ABSTRACT

Aden and the Protectorates do not fit at all neatly into the twentieth century history of the British Empire. Much of southwest Arabia had only a brief brush with British authority and this telescoping of the imperial experience lends the history of the region some of its uniqueness. During the 1950s the British Empire was on the retreat in Africa and east Asia but in this region it was engaged in a process of expansion. This interventionist policy was evident in the Protectorates where the British attempted to transform the minimally governed principalities of the region into a federal state. In contrast to the fleeting contact with western imperialism experienced by many of the inhabitants of the interior, the citizens of Aden had been subject to British or, more properly, Anglo-Indian control since Captain Stafford Haines seized control of the town from the Sultan of Lahj in January 1839. During the century which followed this successful military action Aden remained a backwater of empire.

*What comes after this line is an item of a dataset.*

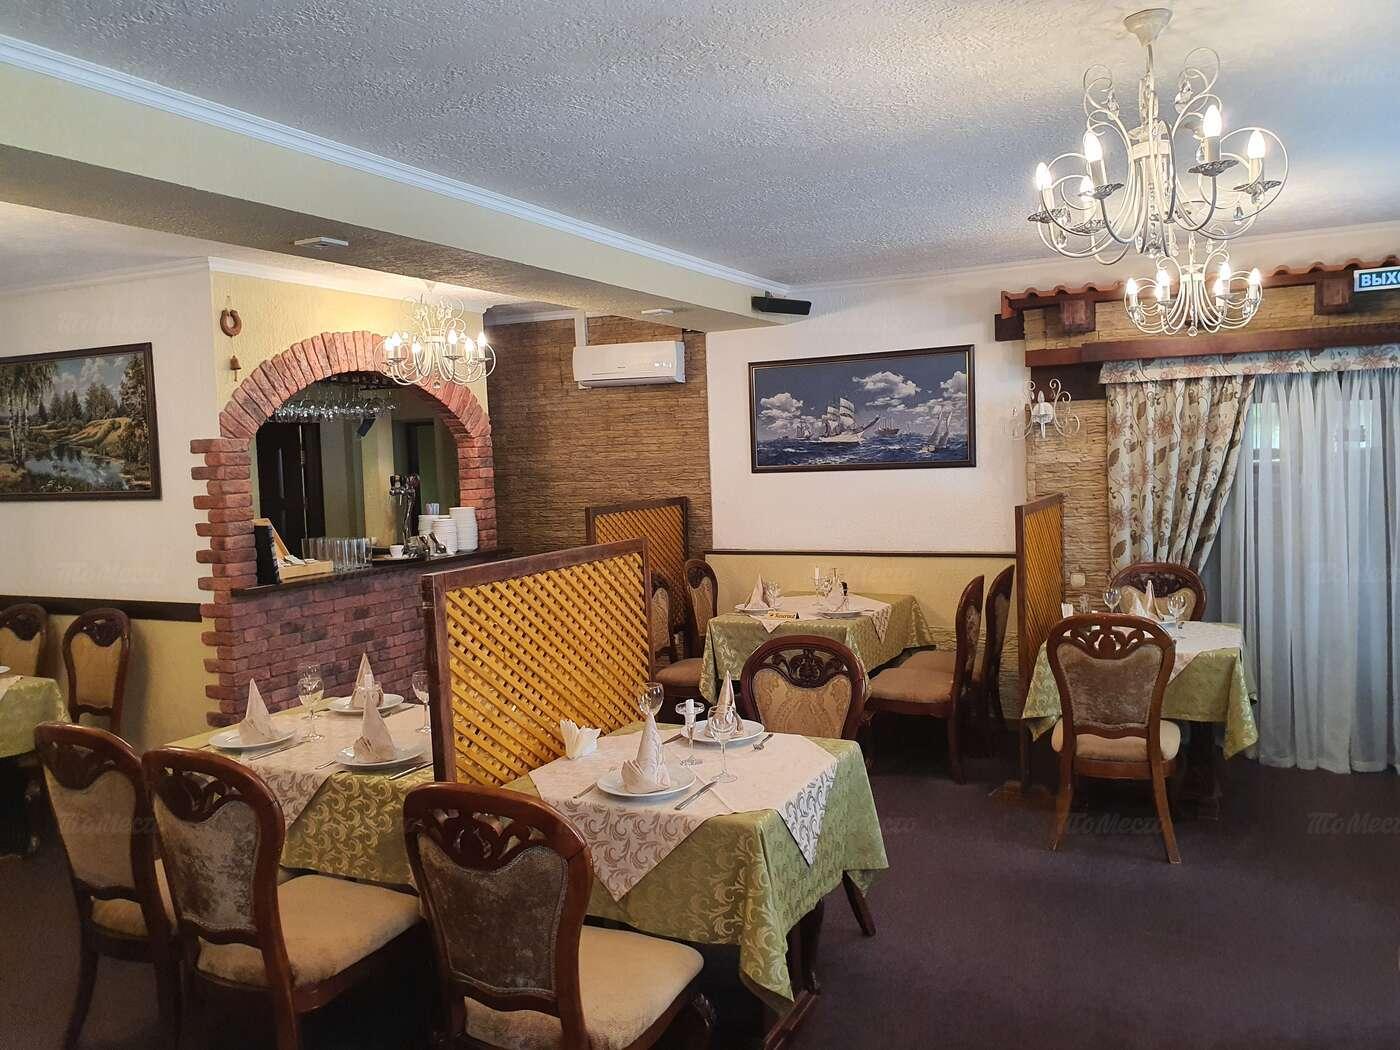 Ресторан Балканский Гурман на Декабристов фото 3
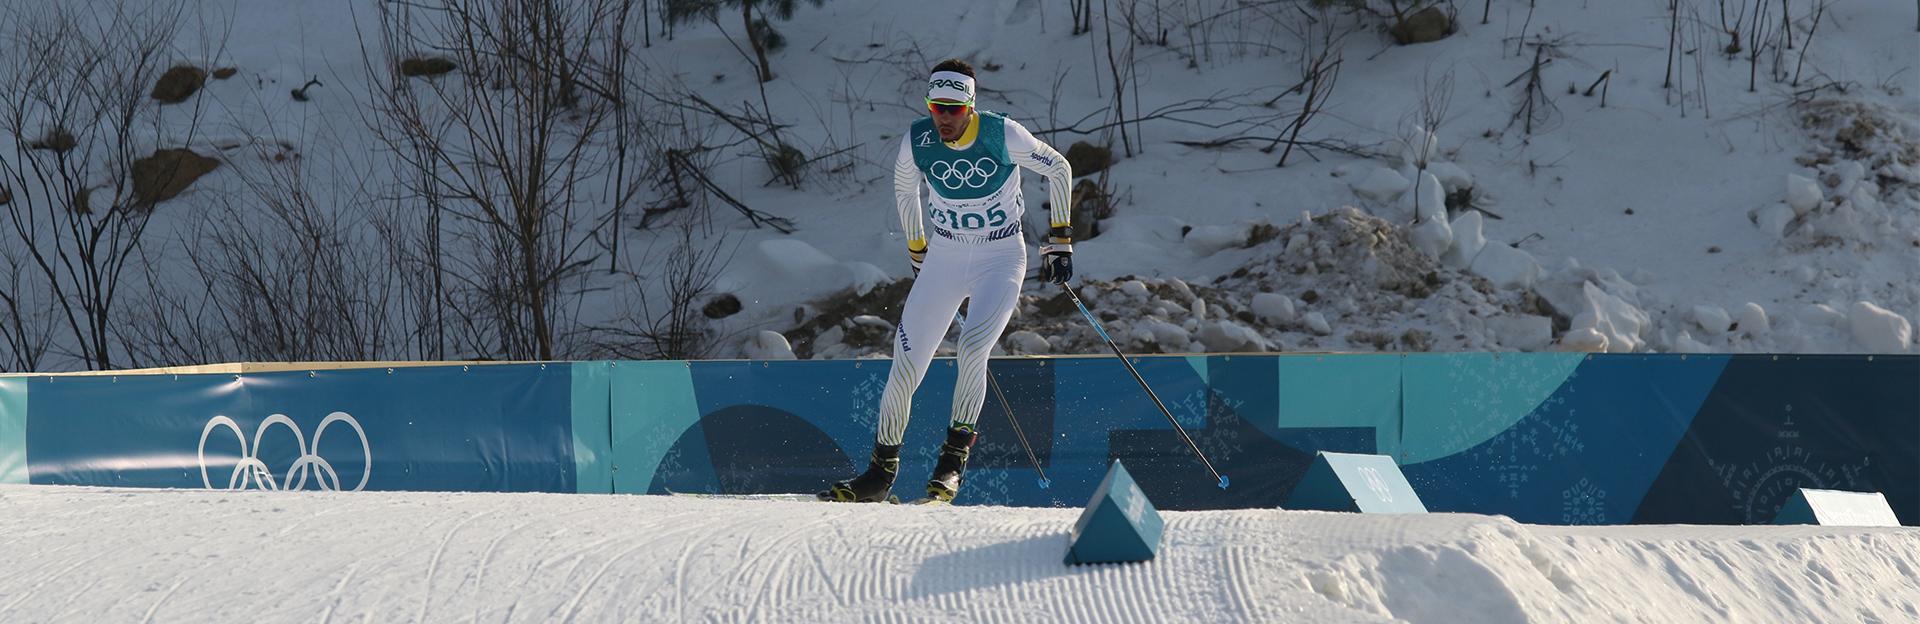 victor santos faz estreia olímpica

In tracing the development of British policy across this first century it is noticeable that, despite an apparent lack of enthusiasm for widening their sphere of control, the British displayed a determination not to relinquish what they held when either local or regional actors challenged their presence. Years of neglect were often followed by a flurry of activity when other actors impinged into the region and threatened to damage British prestige. The conflict with Nasser’s Egypt in the 1950s and 1960s was the last and most explosive instance of this tendency.